------ Record extracts ------
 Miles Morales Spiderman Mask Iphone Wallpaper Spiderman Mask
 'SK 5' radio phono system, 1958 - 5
------
------ Record extracts ------
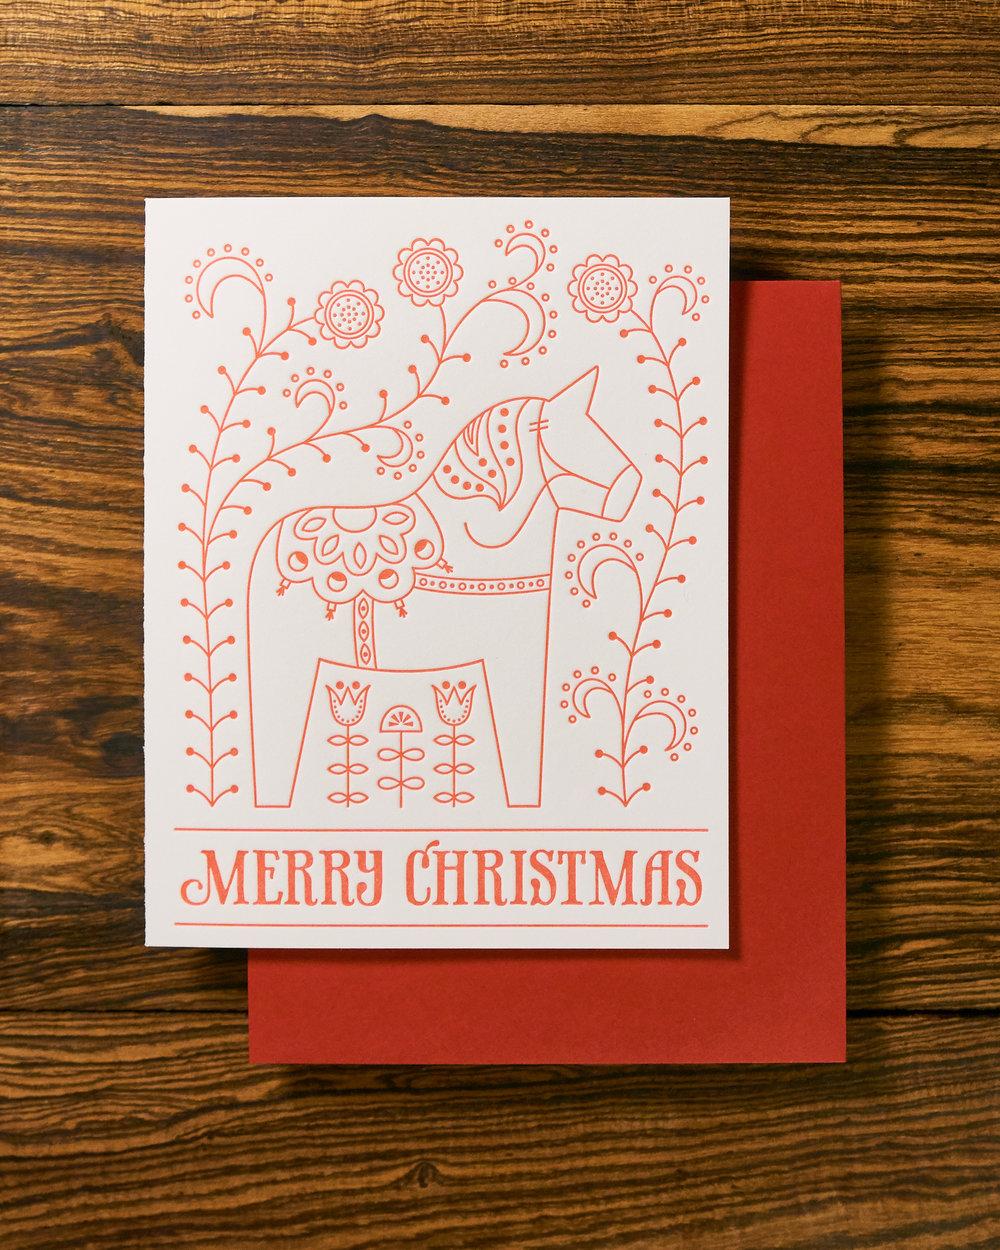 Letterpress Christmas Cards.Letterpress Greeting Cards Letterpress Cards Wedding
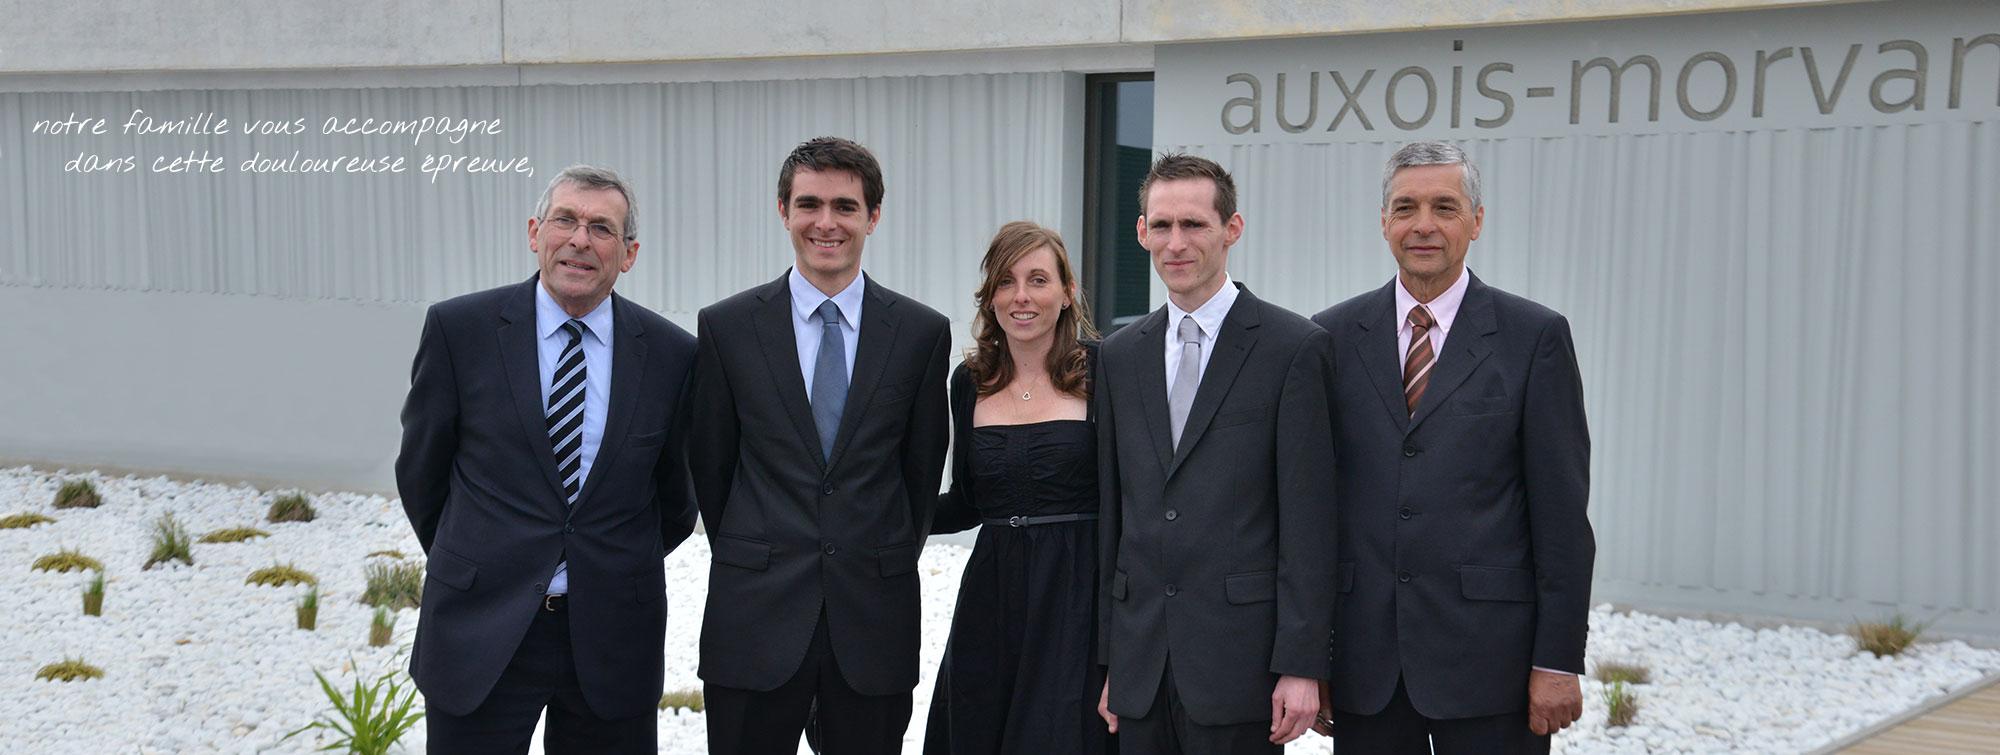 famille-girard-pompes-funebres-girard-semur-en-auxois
------
Above are the records; copy exactly the lines from the line with "Miles Morales Spiderman" through the line with "system, 1958 - 5", both included.

Result of the exercise –
 Miles Morales Spiderman Mask Iphone Wallpaper Spiderman Mask
 'SK 5' radio phono system, 1958 - 5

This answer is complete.